Again, one has done away with the need for a configuration files as the 
code
itself specifies what is required, along with the constraints as to what
order things should be done in.

Another thing this example shows is that handlers when they return None 
due
to not returning an actual response, can still add to the response 
headers
in the way of special cookies as required by sessions, or headers 
controlling
caching etc.

In terms of late binding of which handler is executed, the 
"PythonModule"
handler is one example in that it selects which Python module to load 
only
when the request is being handled. Another example of late construction 
of
an instance of a handler in what I am doing, albeit the same type, is:

   class Handler:

     def __init__(self,req):
       self.__req = req

     def __call__(self,name="value"):
       self.__req.content_type = "text/html"
       self.__req.send_http_header()
       self.__req.write("<html><body>")
       self.__req.write("<p>name=%r</p>"%cgi.escape(name))
       self.__req.write("</body></html>")
       return apache.OK

   handler = IfExtensionEquals("html",HandlerInstance(Handler))
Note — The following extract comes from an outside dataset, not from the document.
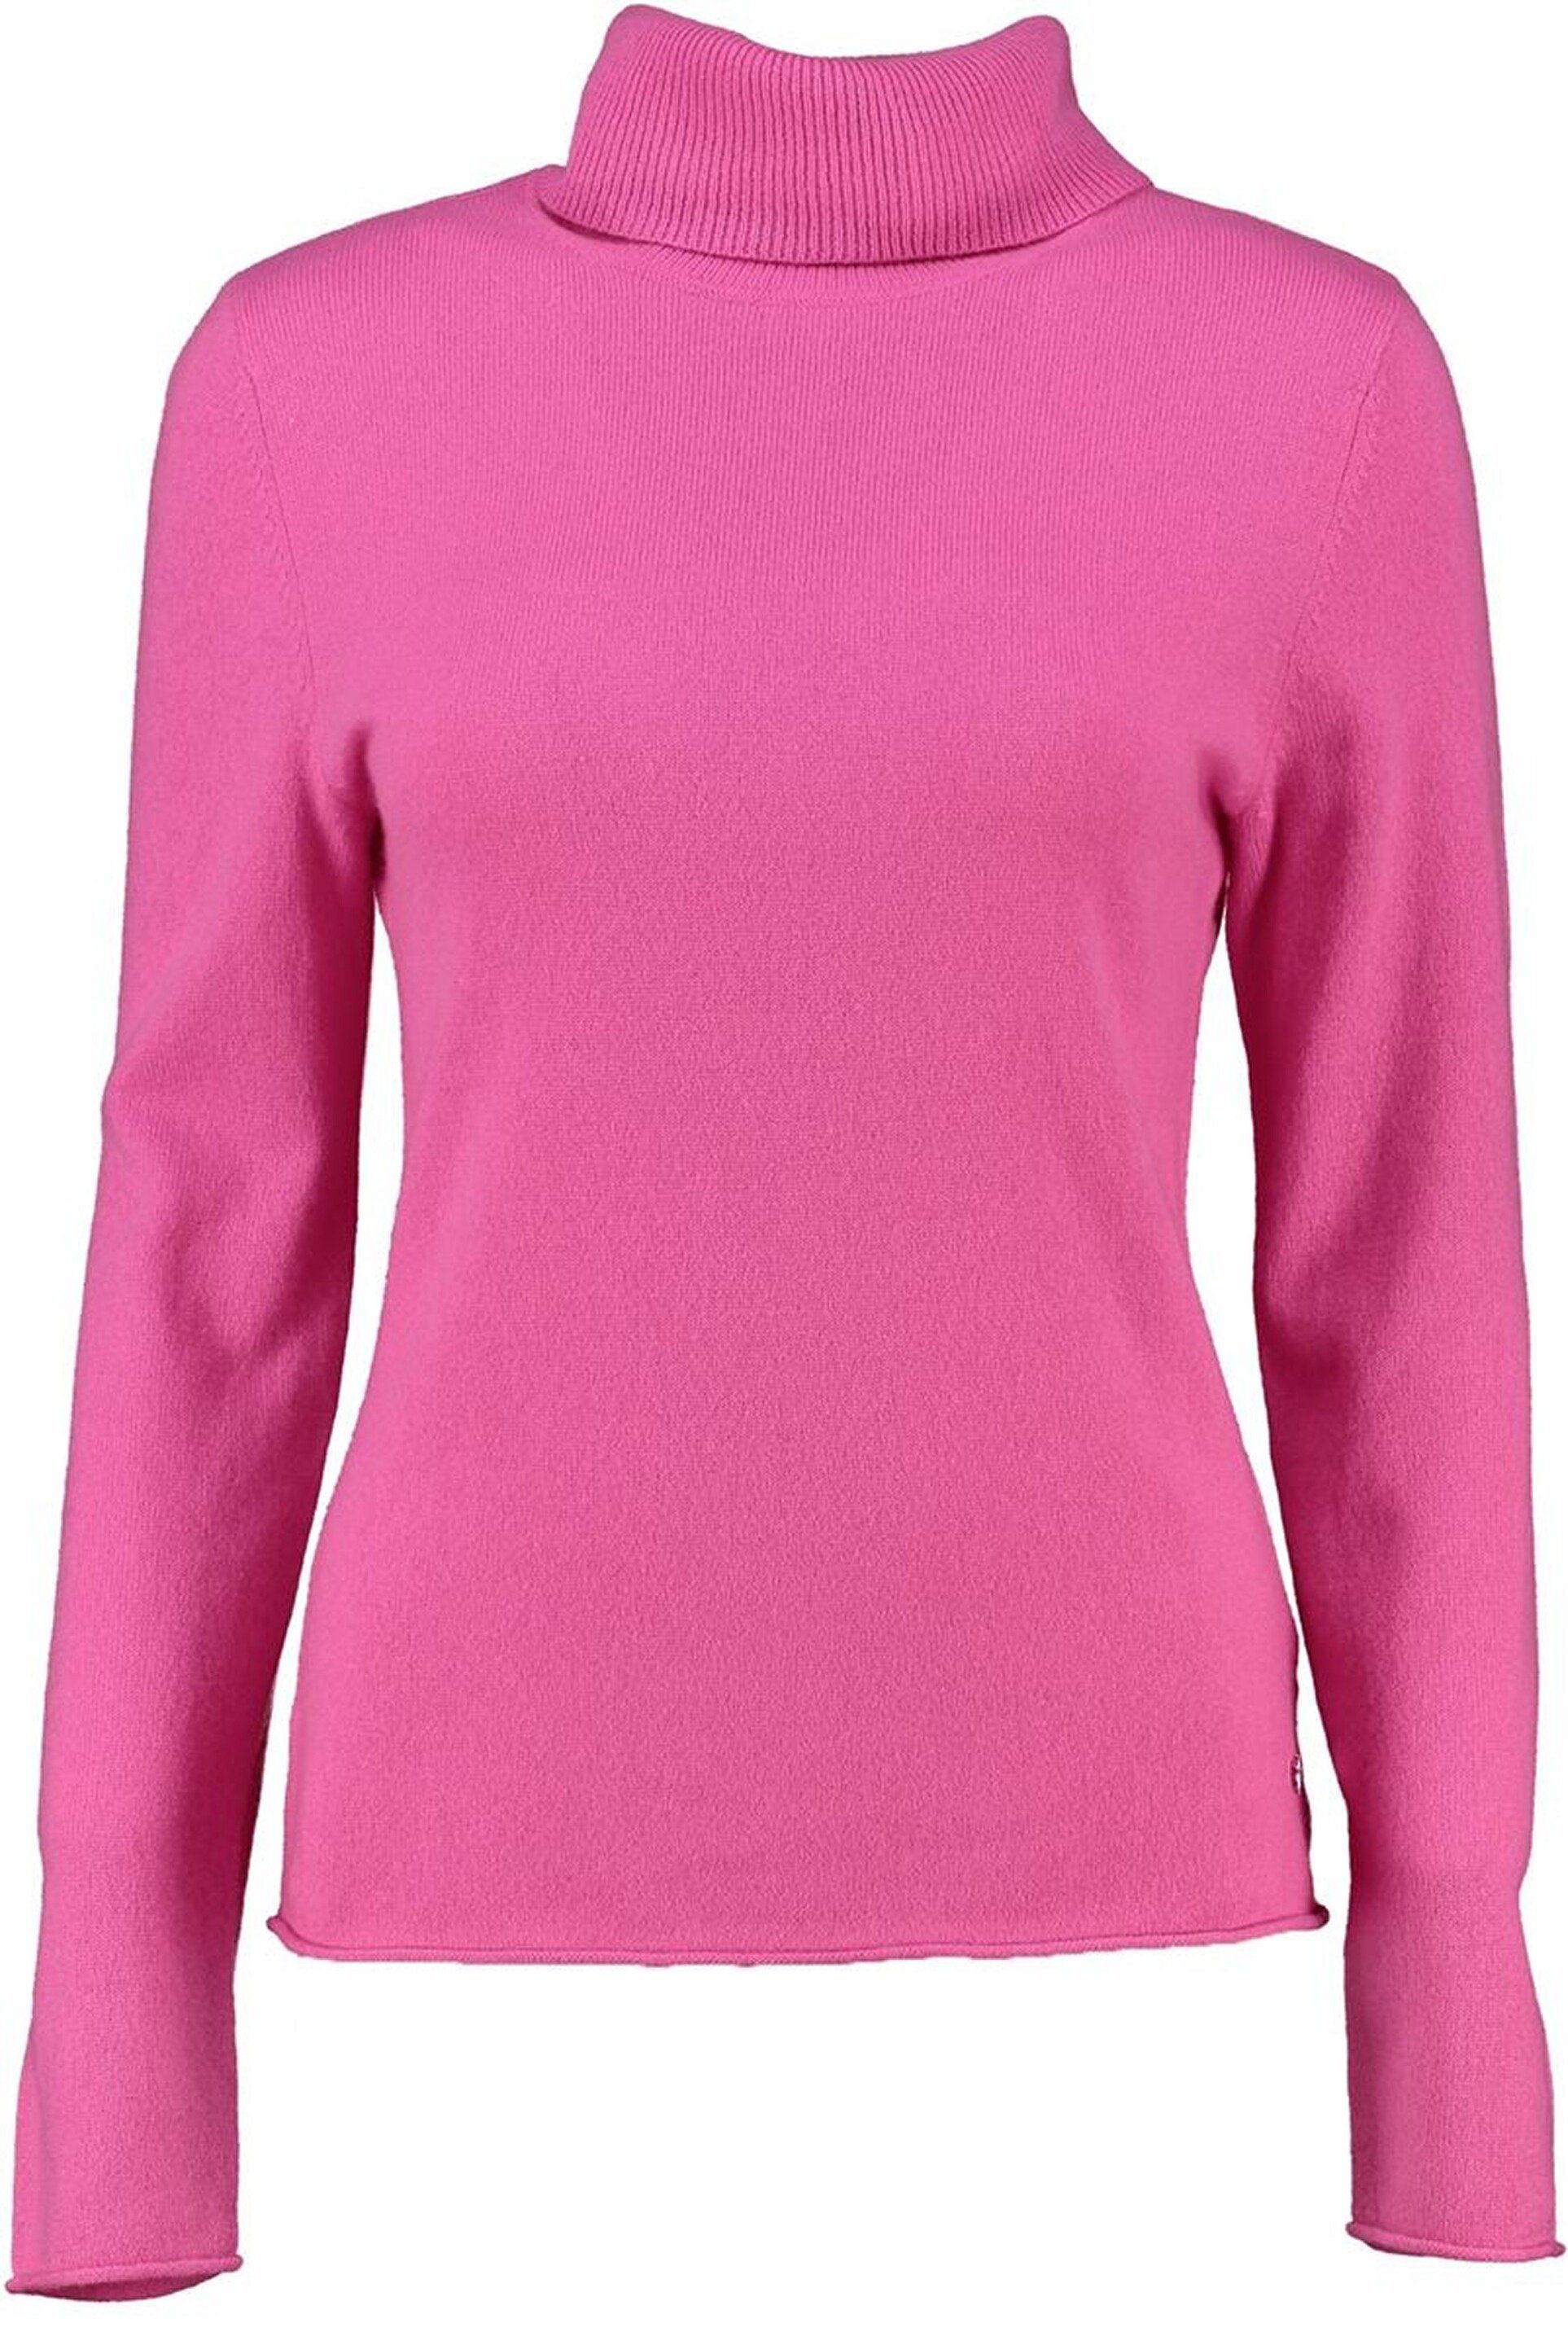 FYNCH-HATTON Rollkragenpullover FYNCH HATTON Rollkragen-Pullover pink aus hochwertigem Kaschmir | Rollkragenpullover

First off the "HandlerInstance" object is only triggered if the request
against this specific file based resource was by way of a ".html"
extension. When it is triggered, it is only at that point that an 
instance
of "Handler" is created, with the request object being supplied to the
constructor.

To round this off, the special "Handlers" handler only contains the 
following
code. Pretty simple, but makes construction of the component hierarchy 
a bit
easier in my mind when multiple things need to be done in turn where 
nesting
isn't strictly required.

   class Handlers:

     def __init__(self,*handlers):
         self.__handlers = handlers

     def __call__(self,req):
         if len(self.__handlers) != 0:
             for handler in self.__handlers:
                 result = _execute(req,handler,lazy=True)
                 if result is not None:
                     return result

Would be very interested to see how people see this relating to what is 
possible
with WSGI. Could one instigate a similar sort of class to "Handlers" in 
WSGI
to sequence through WSGI applications until one generates a complete 
response?

The areas that have me thinking the answer is "no" is that I recollect 
the PEP
saying that the "start_response" object can only be called once, which 
precludes
applications in a list adding to the response headers without returning 
a valid
status. Secondly, if "start_response" object hasn't been called when 
the parent
starts to try and construct the response content from the result of 
calling the
application, it raises an error. But then, I have a distinct lack of 
proper
knowledge on WSGI so could be wrong.

If my thinking is correct, it could only be done by changing the WSGI 
specification
to support the concept of trying applications in sequence, by way of 
allowing None
as the status when "start_response" is called to indicate the same as 
when I return
None from a handler. Ie., the application may have set headers, but 
otherwise the
parent should where possible move to a subsequence application and try 
it etc.

Anyway, people may feel that this is totally contrary to what WSGI is 
all about and
not relevant and that is fine, I am at least finding it an interesting 
idea to
play with in respect of mod_python at least.

BTW, WSGI itself could just become a plugable component within this 
mod_python
middleware equivalent. :-)

   handler = Handlers(
     IfLocationMatches(r"/_",NotFound()),
     IfLocationMatches(r"\.py(/.*)?$",NotFound()),
     WSGIApplicationModule(),
   )

Feedback most welcome. I have been trying to work out how what I am 
doing may
transfered to WSGI for a little while, but if people think it is a 
stupid idea
then I'll no longer waste my time on thinking about it and just stick 
with
mod_python.

Graham